"This persisted several times until I would say, "Do you know how to do this or that?" first! He had to say no. Then I saw his uncle do the same thing to his wife- only she hadn't caught on."
Wow! That is a powerful technique and a great idea. I have seen some really great ideas for dealing with sociopaths, and that's the best we can do -- learn how to identify them and learn how to deal with them. You can never deal with them head-on. They will manipulate the truth and convince others that you are the jerk.
When my mother has a flash of reality and starts questioning the results, then my brother replies with an appeal for pity. Basically he says what she is saying makes him feel even worse and doesn't help.
If he finds a job and he's "depressed" and fails at his job, it will be even more of a setback (even his manipulated therapists agree, or so we are told). The reality is, during his last 18 months span of unemployment, a job would have gotten in the way of his gluttony and alcoholism. Yes, what helps is lots of money going down the black hole of consumption. And yes, anti-depressants have made this worse.
He's like a manic consumption machine. The sad truth is he sees therapists from one of the top universities in the nation, and they seem to just suck. They're terrible. They give him anti-depressants and don't assess whether he has mania or anti-social personality disorder.
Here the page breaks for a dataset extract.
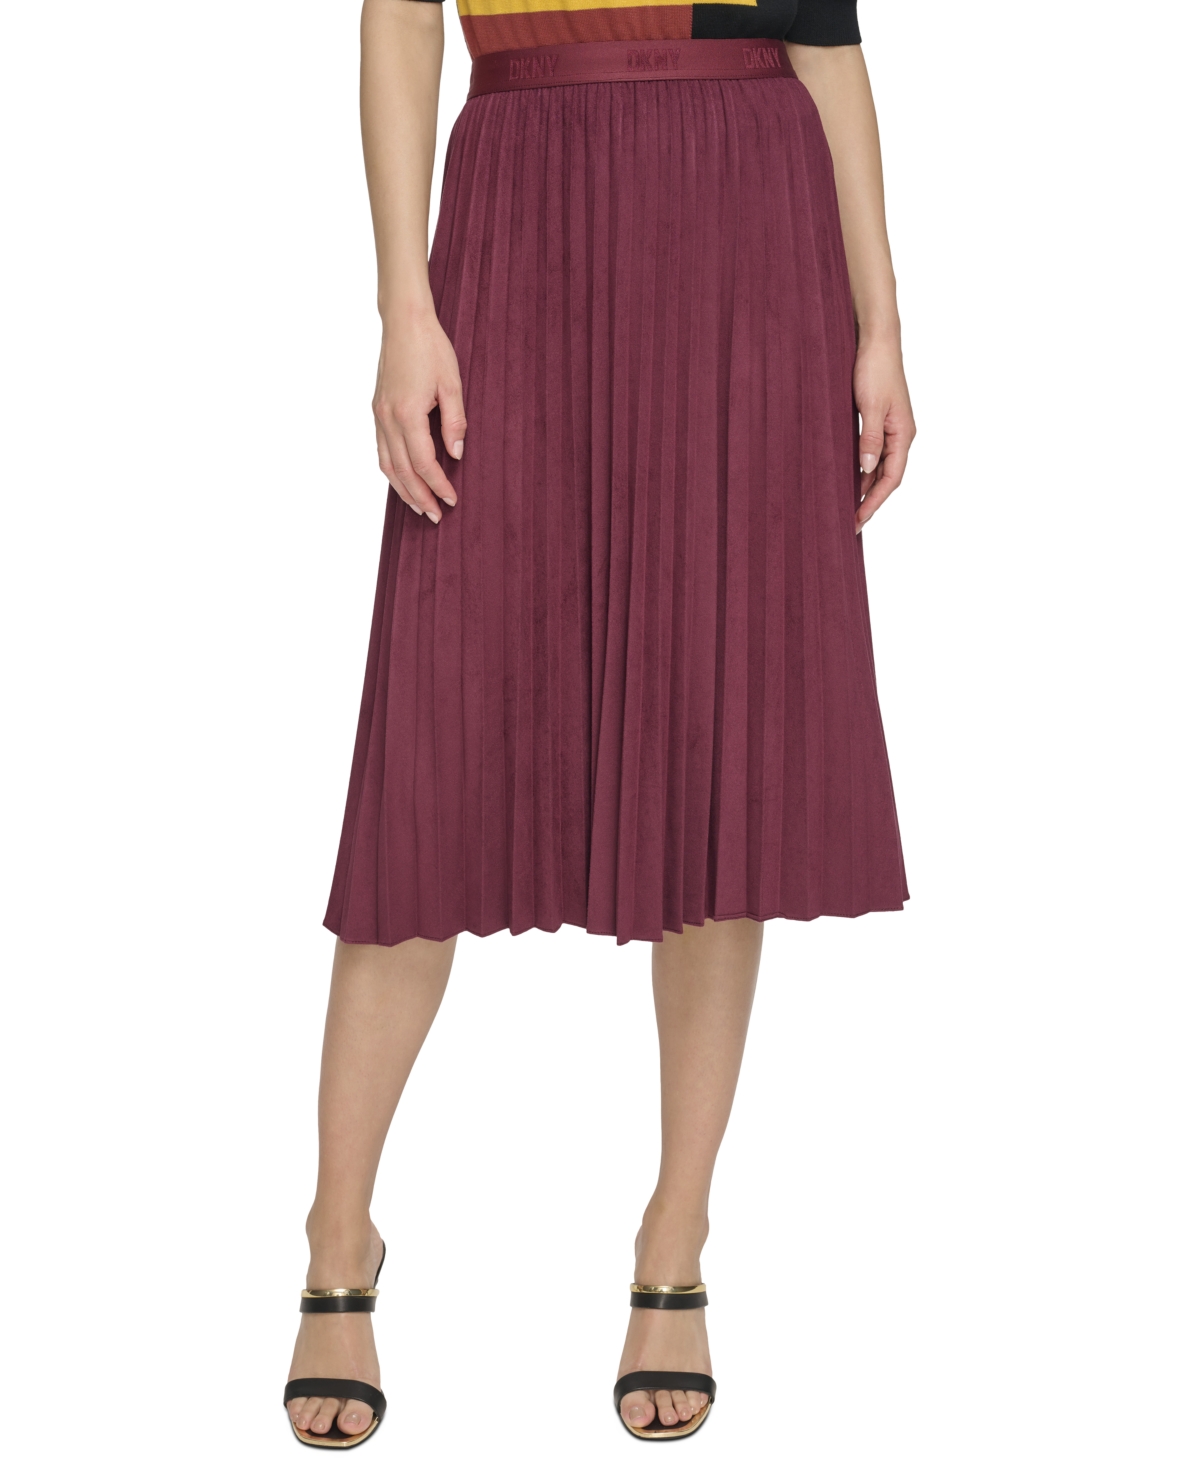 Dkny Women's Pleated Faux Suede Skirt In Cabernet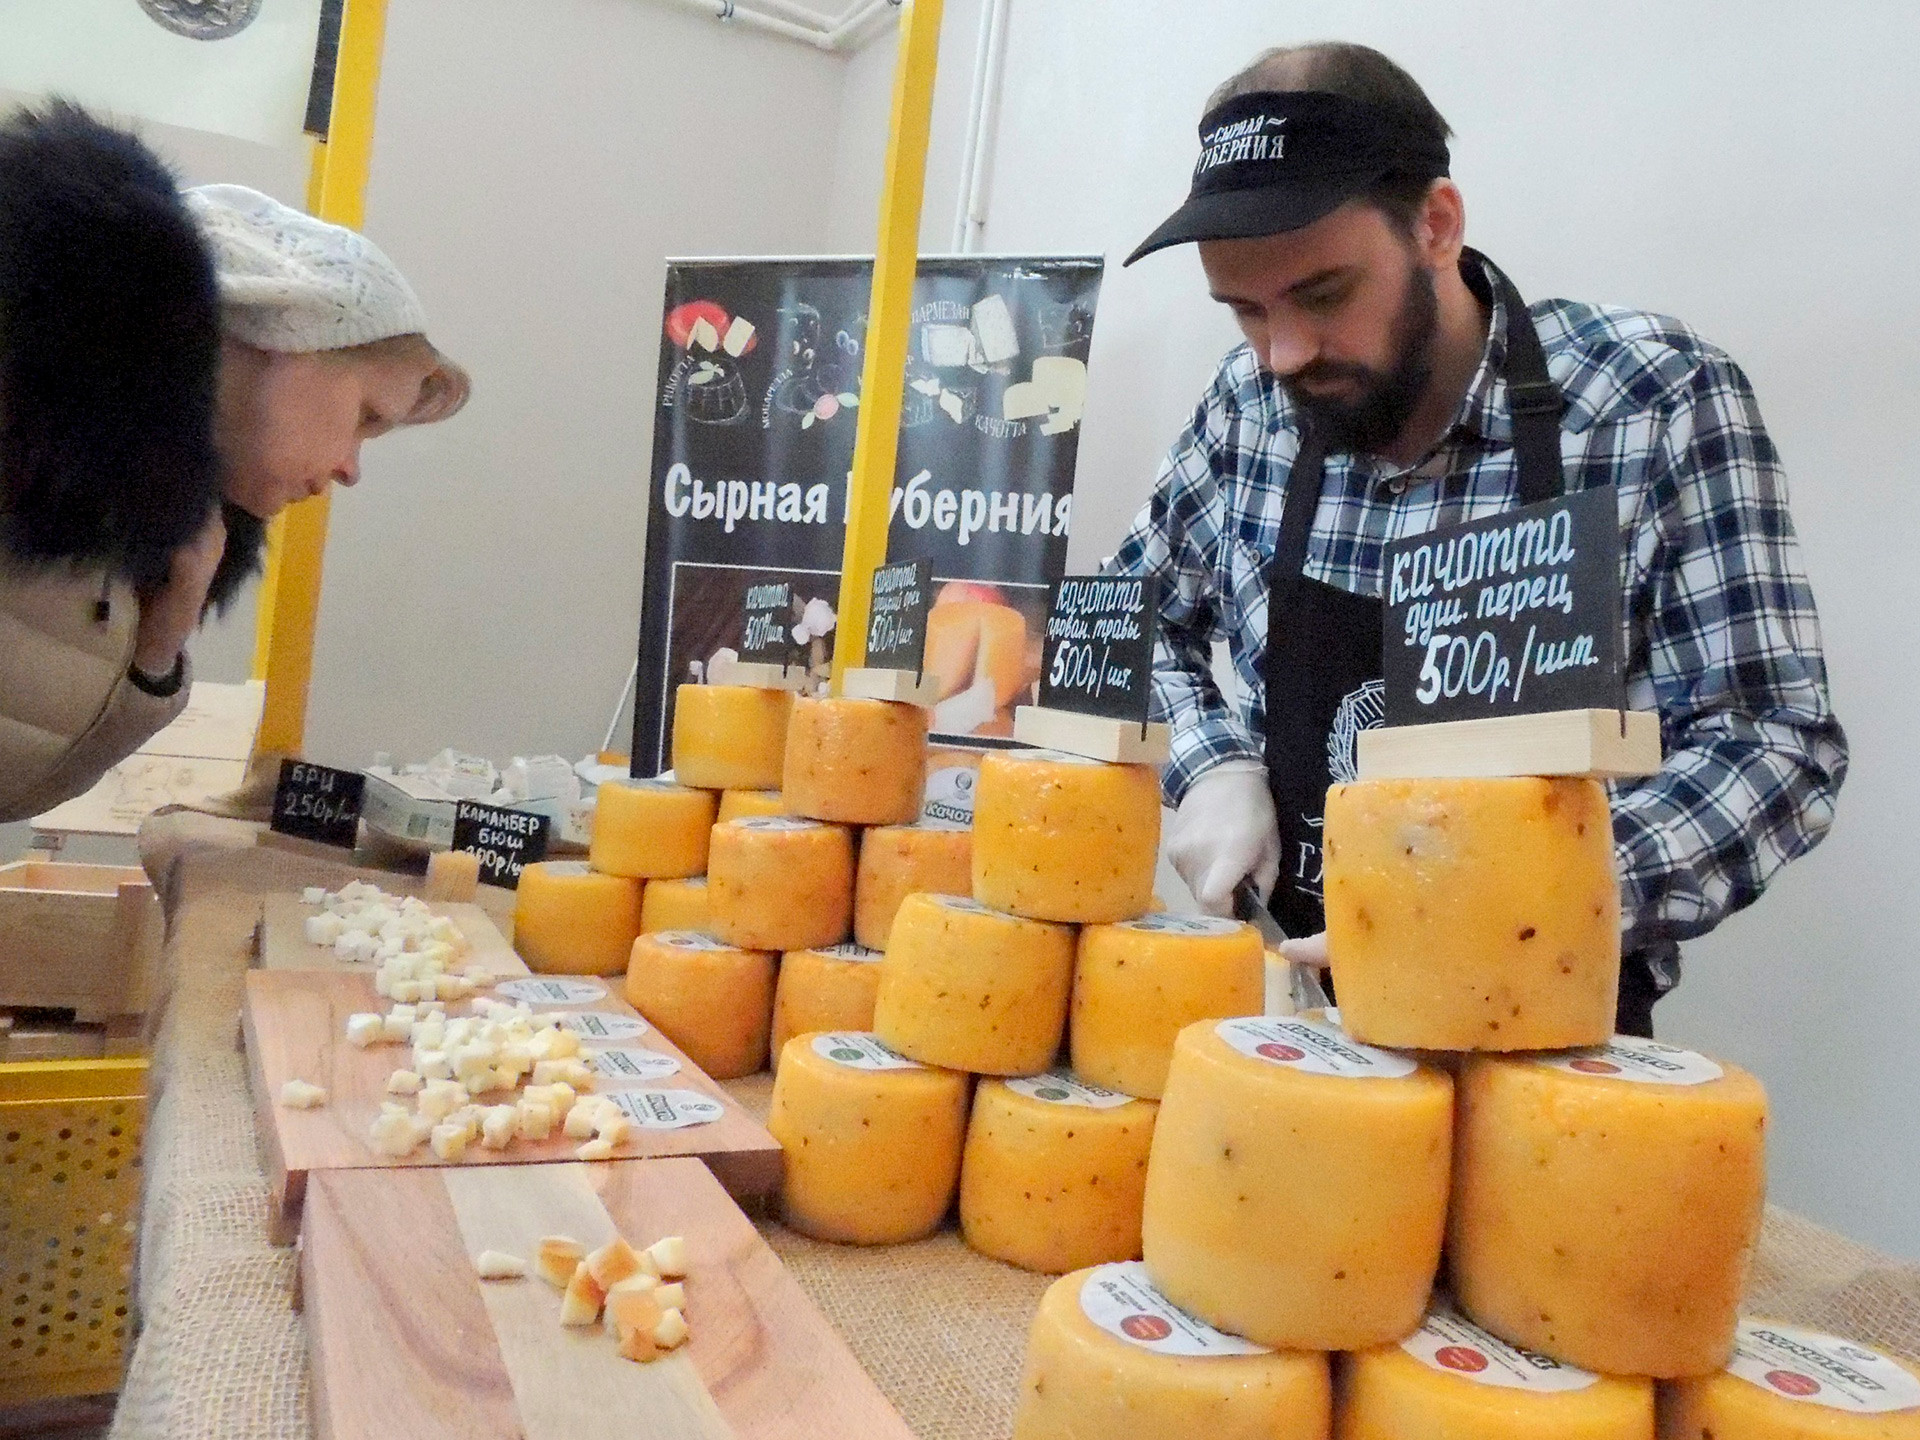 The festival of cheese in Moscow

Of course, he does his homework, and like any true sociopath, he tells people what they want to hear.
One of the key influences in his life, and what I feel is the turning point that turned him into a sociopath (anti-depressants sealed the deal), was the discovery of Dale Carnegie's "How to Win Friends and Influence People". That is pretty much his handbook for manipulating people. It taught him that if you tell people what they want to hear, instead of the truth, you can get more out of people.
Dale Carnegie was some salesman/motivational speaker, and perhaps just another sociopath himself.
Anyway, please keep posting the great ideas on how to deal with these people. Unfortunately, for me, the notion of distancing myself can only work to some extent. With the situation of a family member who has manipulated other family members, this would mean distancing myself from my mother.
To a certain extent, I find her gullibility frustrating, but I have to realize the mother-son bond is quite strong. Even though I have pointed out the numerous lies, she continues to believe everything he says.
For example, she recently visited him, and he had her buying groceries, etc. even though he is now gainfully employed. (They're already asking him if he's interested in transferring to another department in another city after seven months, which he has taken as a compliment. Hmmm. Usually they want to keep good people.)
He has no intention of paying back all of the money he borrowed (of course he says he will). No -- now that he is employed (for now) he continues to get my mom to pick up the tab for lots of little things here and there that add up.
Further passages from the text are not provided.